Aún no se habían encendido los faroles; aparecían algunas luces en las ventanas de las casas, y
en los cruces de las calles y las callejuelas tenían lugar escenas y conversaciones inevitables a esa
hora en un lugar donde hay muchos soldados, cocheros, obreros y unos seres especiales en forma
de señoras con chales rojos, que no llevan medias y suelen circular como murciélagos en los
cruces de las calles.
Chichikov no se fijaba en nadie, y ni aun siquiera se fijó en muchos funcionarios delgaditos
que iban apoyándose en bastoncitos, los cuales regresaban probablemente a su casa, después de
haber dado un paseo por la ciudad. De cuando en cuando llegaban hasta él algunas
exclamaciones, al parecer femeninas: «¡Mientes, borracho! ¡Jamás le he permitido semejante
grosería!» o «¡No me pegues, infame! ¡Vete a la comisaría y allí te demostraré!...»

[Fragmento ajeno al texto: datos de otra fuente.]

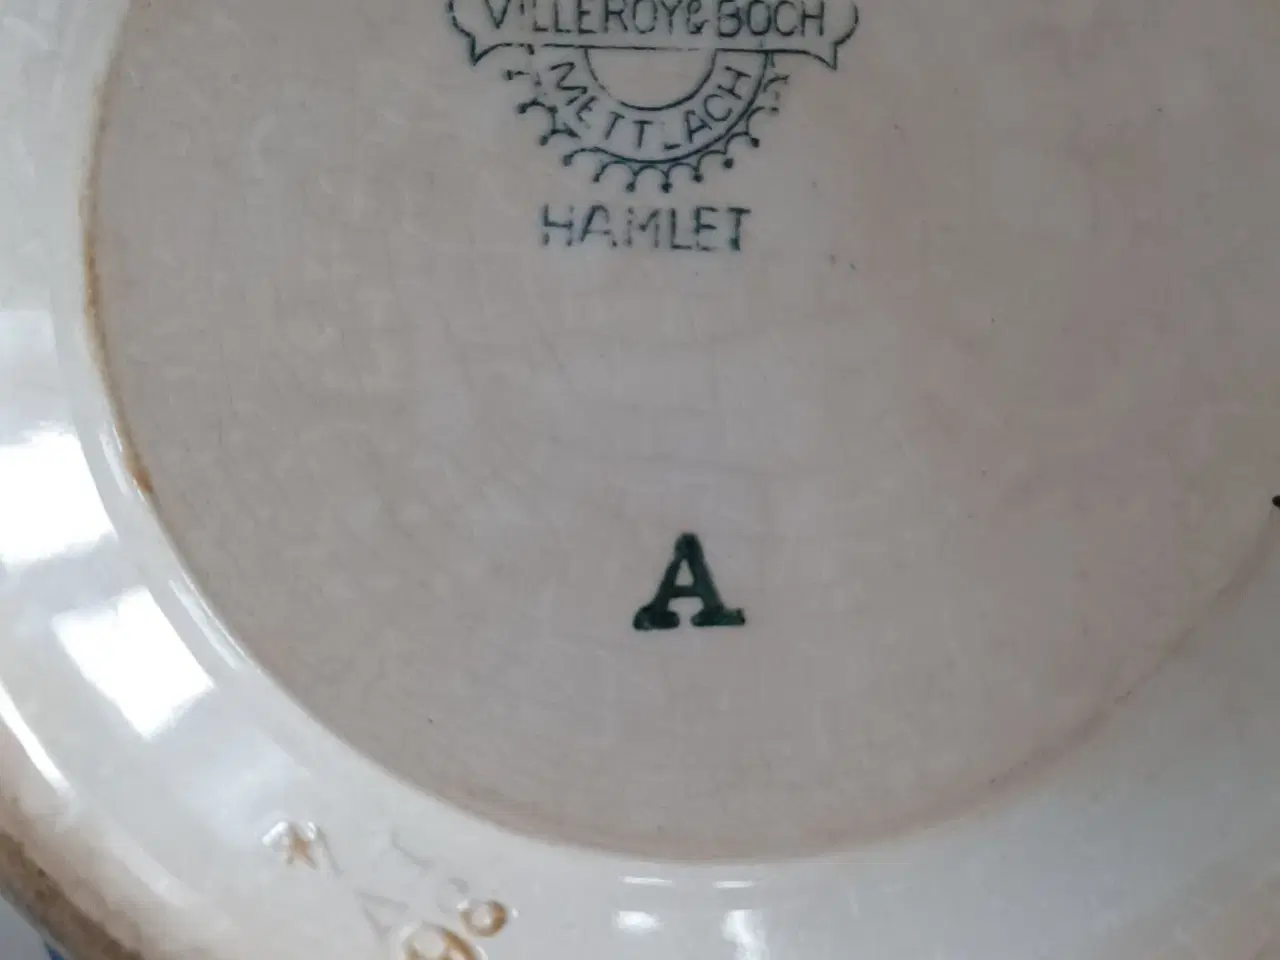 Billede 2 - Villeroye Boch porcelæn søges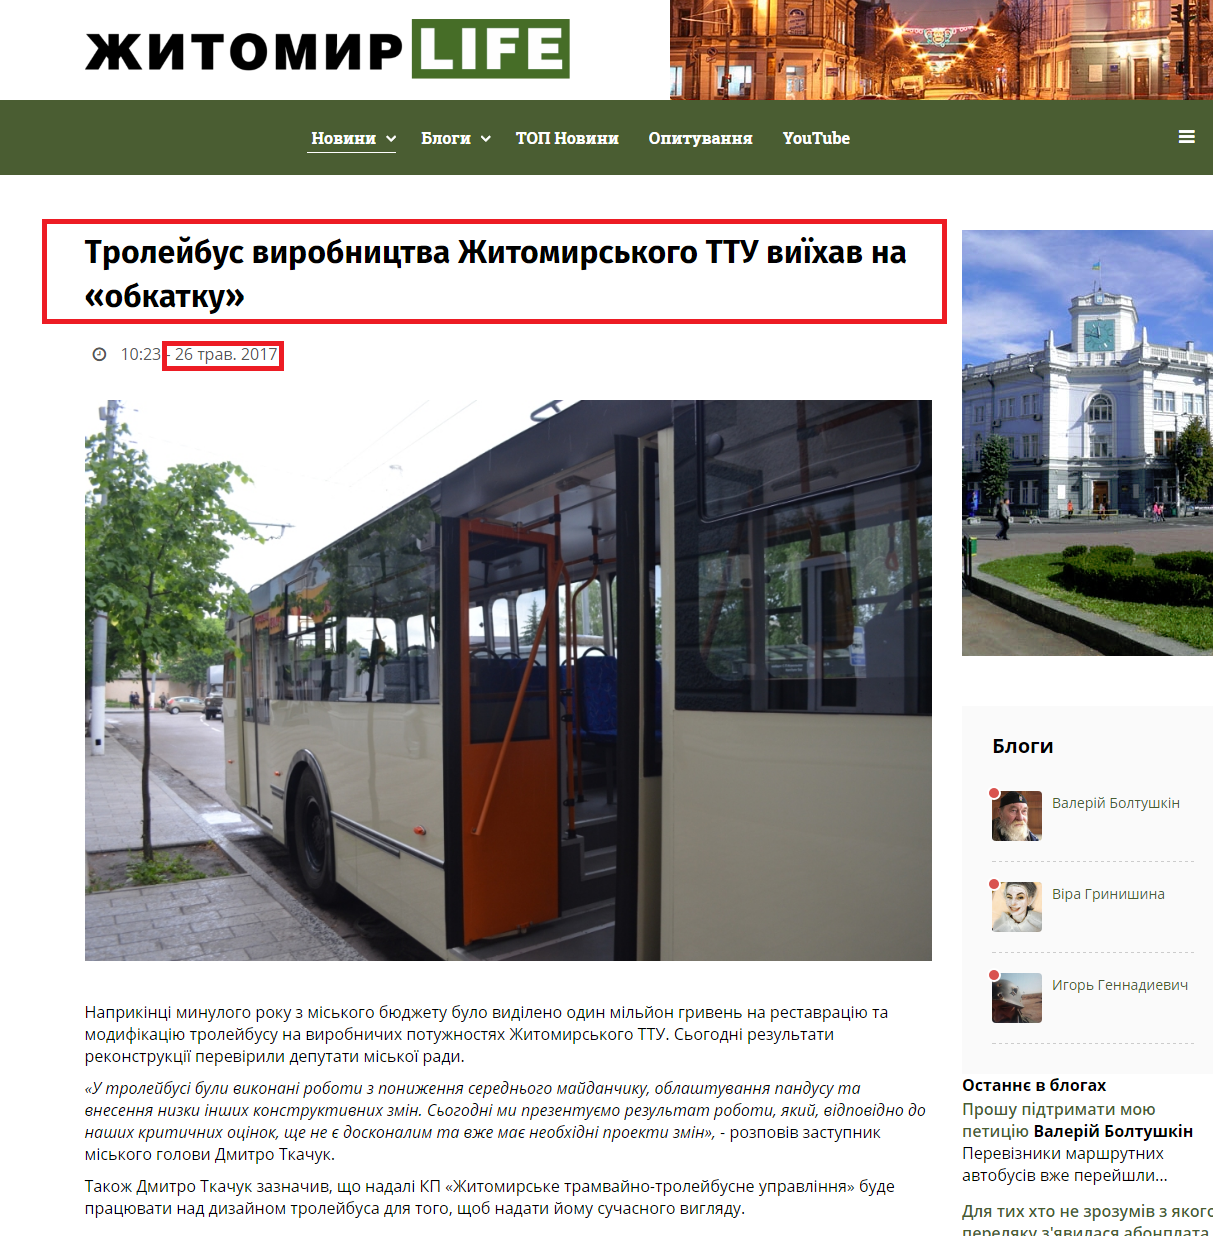 http://zhitomir.life/1194-trolejbus-virobnitstva-zhitomirskogo-ttu-vijikhav-na-obkatku.html

En una palabra: expresiones que abrasan de pronto a un joven de veinte años que regresa
ensimismado del teatro y en cuya imaginación hay una calle española, la noche, una hermosa
figura de mujer de cabellos rizados y una guitarra. ¿Qué no estará soñando? Está en el cielo y le
ha hecho una visita a Schiller, cuando, de pronto, oye como un trueno palabras horrendas, y ve
que está en la Tierra, v hasta en la plaza del Heno, junto a una taberna y de nuevo se desliza ante
él la vida cotidiana.
Por fin, después de un buen salto, el coche se hundió como en un hoyo al traspasar la verja de
la posada, siendo recibido Chichikov por Petrushka, que sostenía con una mano los faldones de su
traje, pues no le gustaba que se la abriesen, y con la otra ayudó a su señor a apearse del coche.
También acudió el mozo con una vela en la mano y una servilleta en el hombro. No se sabe si
Petrushka se alegró con la llegada de su señor; pero lo cierto es que Selifán y éste se hicieron una
seña, tras la cual su severa expresión habitual pareció suavizarse algo en aquel momento.

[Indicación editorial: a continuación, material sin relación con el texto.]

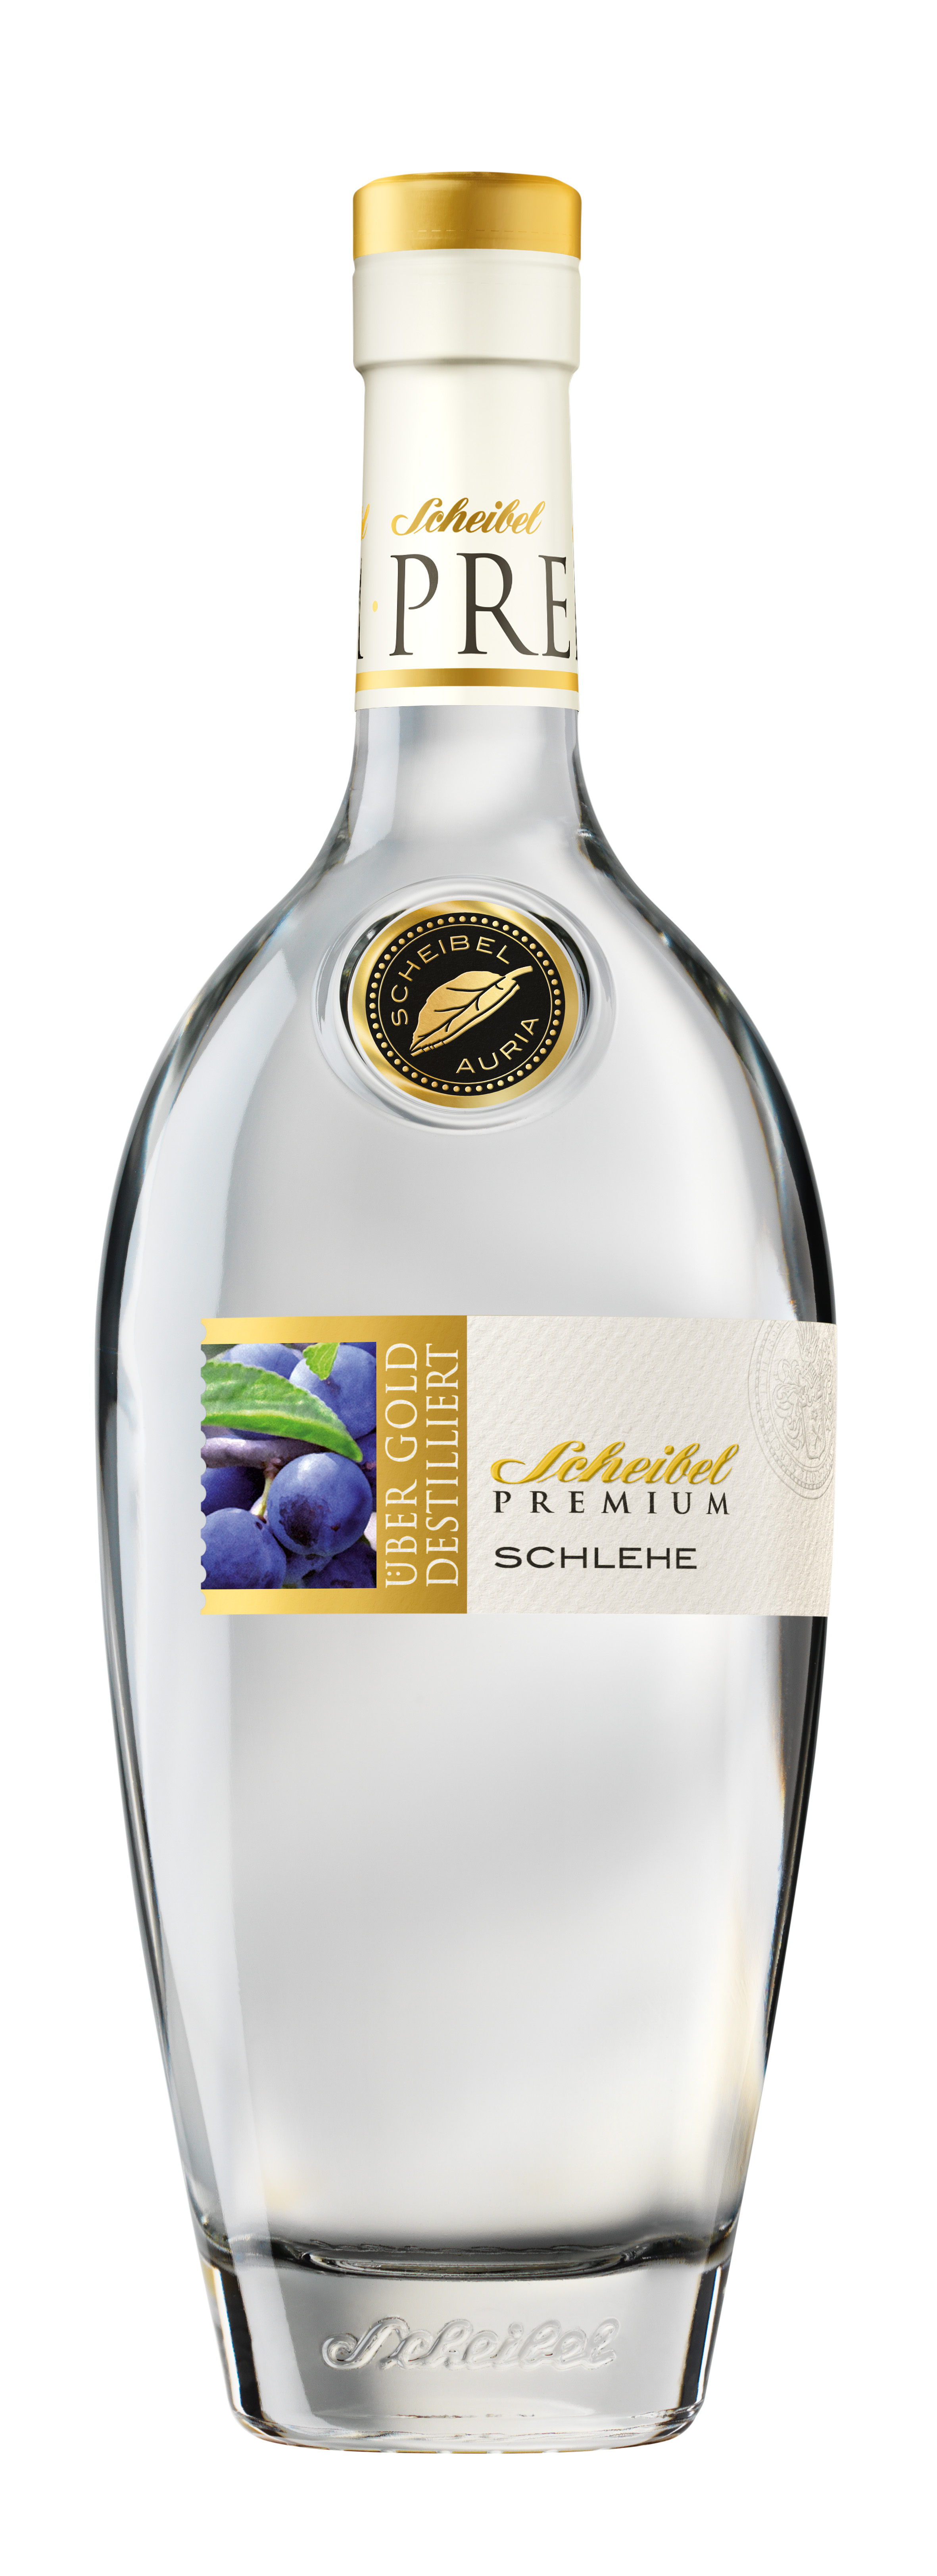 Scheibel Wild-Schlehen Geist Premium 41%vol, 0,7l

-Ha estado usted mucho tiempo fuera -dijo el mozo, alumbrando la escalera.
-Sí -dijo Chichikov al llegar a la escalera-. Y tú, ¿qué tal estás?
-Bien, gracias a Dios -contestó el mozo inclinándose-. Ayer vino un teniente; ocupa el número
dieciséis.
-¿Un teniente?
-No sabemos quién es; viene de Riazán; trae caballos bayos.
-Bueno, bueno; sigue portándote bien -dijo Chichikov, y entró en su habitación.
Al atravesar el vestíbulo, olfateó y le dijo a Petrushka:
-Por lo menos, has podido abrir las ventanas.
-Ya las tuve abiertas -dijo Petrushka; pero era mentira,
Por lo demás, el señor también sabía que era mentira; pero no tenía gana de discutir.
Después de aquel viaje, Chichikov se sentía muy cansado. Pidió una cena muy ligera, que
consistió sólo en un lechoncito; inmediatamente se desnudó, y, una vez en la cama se durmió
profundamente, con ese sueño con que duermen los seres dichosos que no conocen enfermedades,
ni poseen capacidades intelectuales demasiado grandes.